• [Data to process]:
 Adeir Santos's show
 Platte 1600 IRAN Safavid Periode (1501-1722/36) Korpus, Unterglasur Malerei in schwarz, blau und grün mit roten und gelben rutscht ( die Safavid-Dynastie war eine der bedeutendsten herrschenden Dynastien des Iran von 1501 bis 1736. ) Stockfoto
---
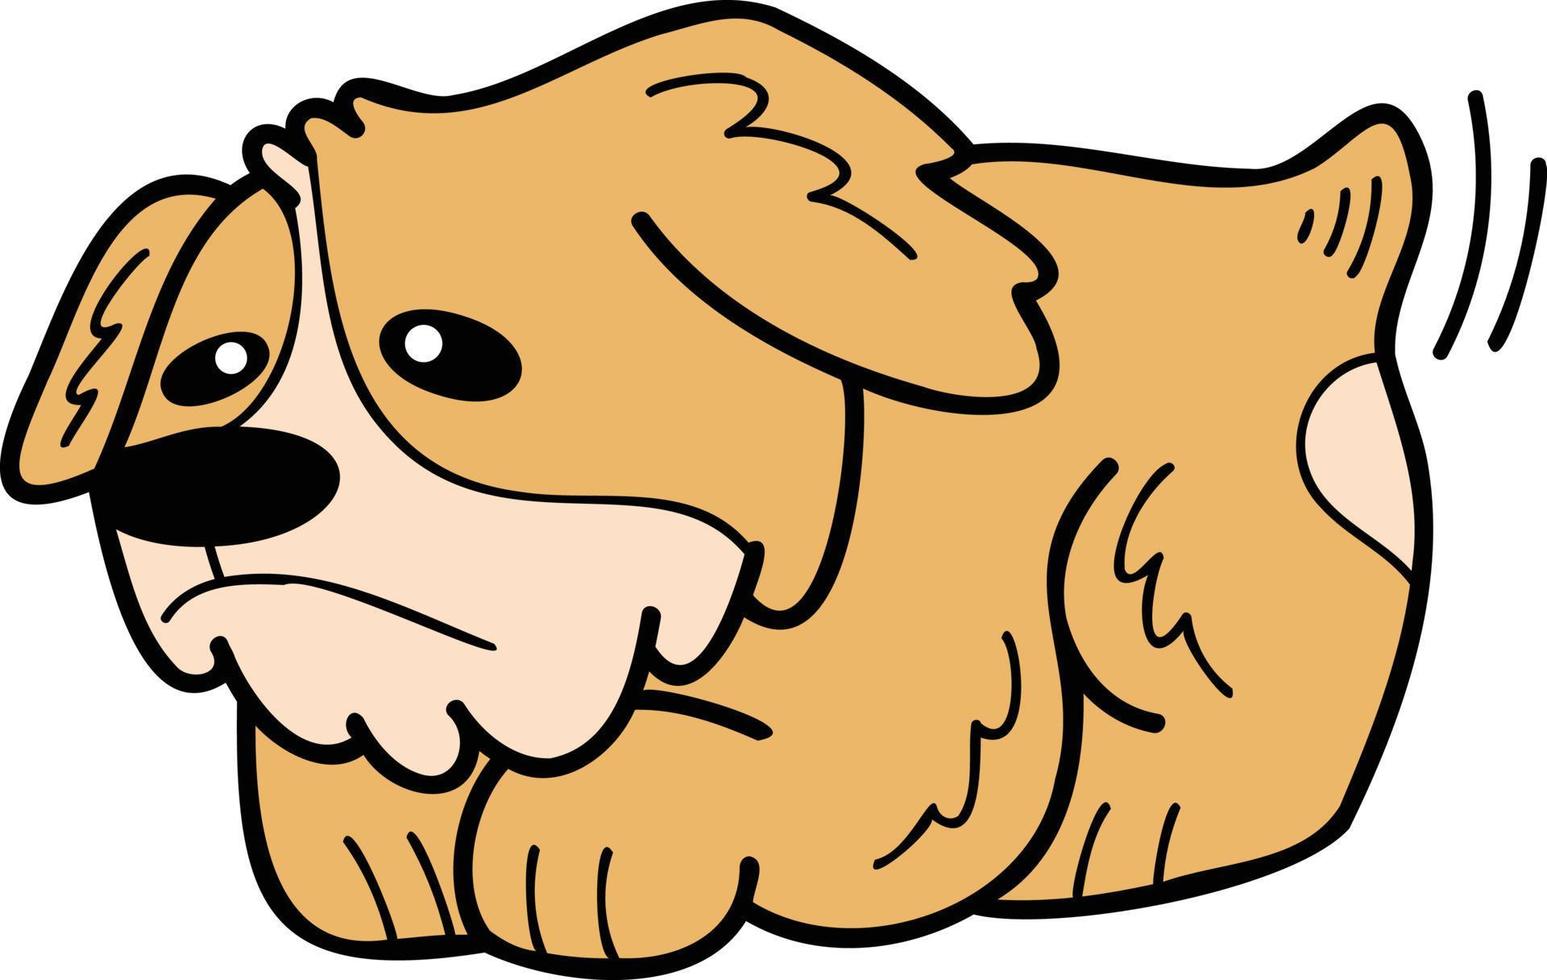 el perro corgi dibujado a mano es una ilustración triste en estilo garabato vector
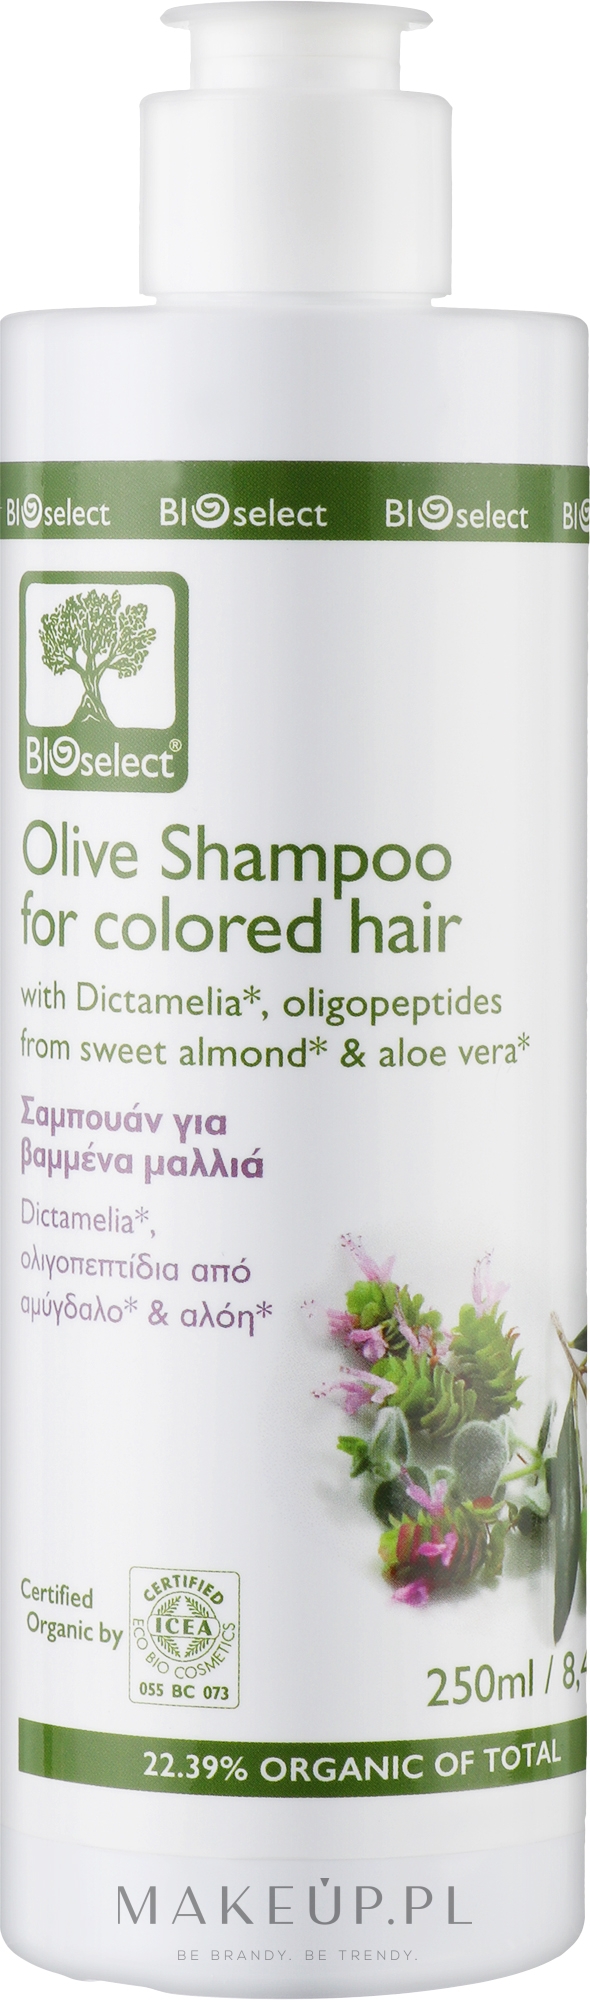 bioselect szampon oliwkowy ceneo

• [Work required]: Look above for the line containing "Adeir Santos's show". Output from there through the line containing "Platte 1600 IRAN", exactly and inclusively.

• [Result for this exercise]:
 Adeir Santos's show
 Platte 1600 IRAN Safavid Periode (1501-1722/36) Korpus, Unterglasur Malerei in schwarz, blau und grün mit roten und gelben rutscht ( die Safavid-Dynastie war eine der bedeutendsten herrschenden Dynastien des Iran von 1501 bis 1736. ) Stockfoto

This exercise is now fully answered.